By: Howard Solomon - Network World Canada (28 May 2009)
A Toronto intellectual property lawyer says the proposed law will cause a lot of trouble for business. However, a law professor and member of the 2005 federal Task Force on Spam says the complaints are overstated
Canadian businesses should be wary of the proposed federal anti-malware law, says a Toronto intellectual property lawyer. Bill C-27, formally known as the Electronic Commerce Protection Act “needs some real re-thinking or amendment,” Barry Sookman of the firm McCarthy Tetrault said in an interview. “It has some fatal flaws in it.”
Introduced last month and about to go before Parliament’s Industry committee for detailed examination, the bill forbids anyone from installing a program on a computer that could send an electronic message without the consent of the owner or user.
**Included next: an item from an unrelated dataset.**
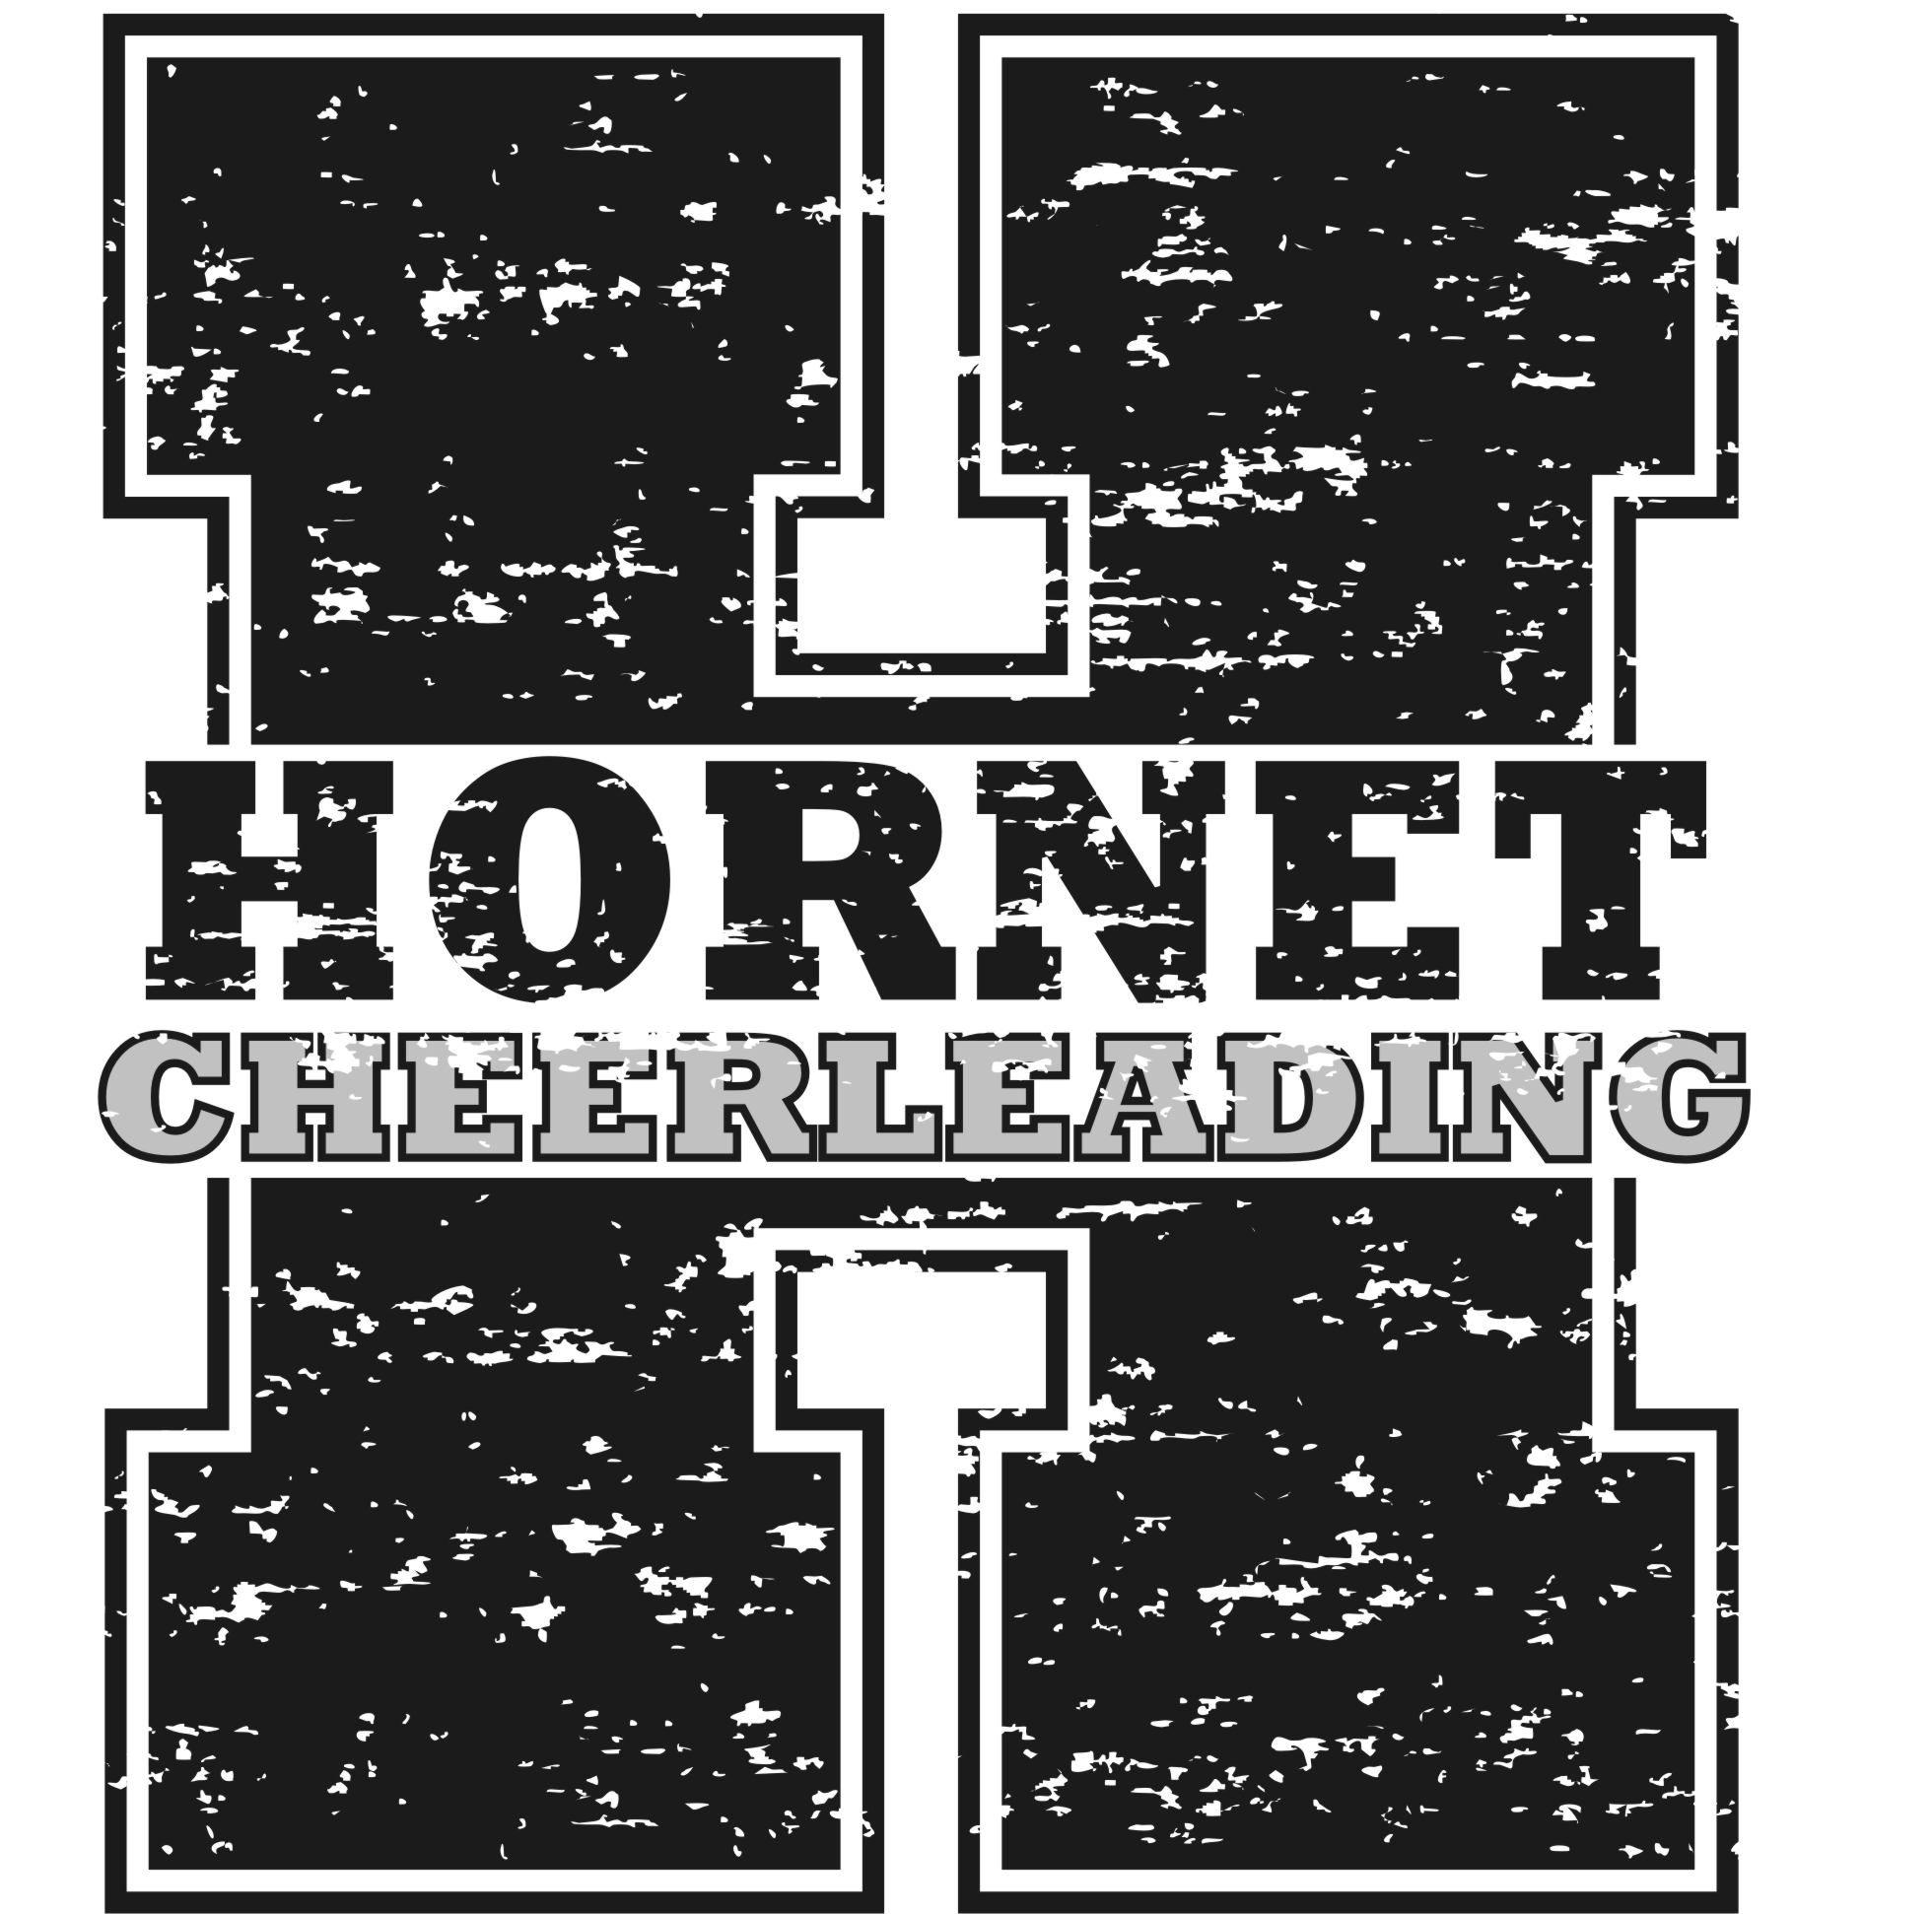 cheerleading t shirts churches school spirit sports family - Cheer Shirt Design Ideas

It also forbids anyone in Canada from sending a commercial message to any electronic address unless the receiver has consented. An exception is if the person sending the message has had a business transaction with the recipient in the previous 18 months. Penalties range from up to $1 million for individual violators to up to $10 million for organizations.
The legislation has the backing of a number of IT organizations, such as the Canadian Association of Internet Providers (CAIP) and the Canadian Advanced Technology Alliance (CATA).
But Sookman said Ottawa has drafted the legislation backwards and it may actually harm IT companies. For example, he said, it could be unlawful for a Web site to automatically install Javascript or Flash applets or HTML code on the computers of visitors without getting express – and not implied – consent. Similarly, the law suggests automatic software updates would be illegal, he said. It would be unlawful for a company sending an e-mail to buy more software licences from a vendor if the last business contact it had was more than 18 months before, Sookman said. Even fledgling software developers sending e-mail queries to distributors they’ve never had a commercial relationship with could be caught, he added.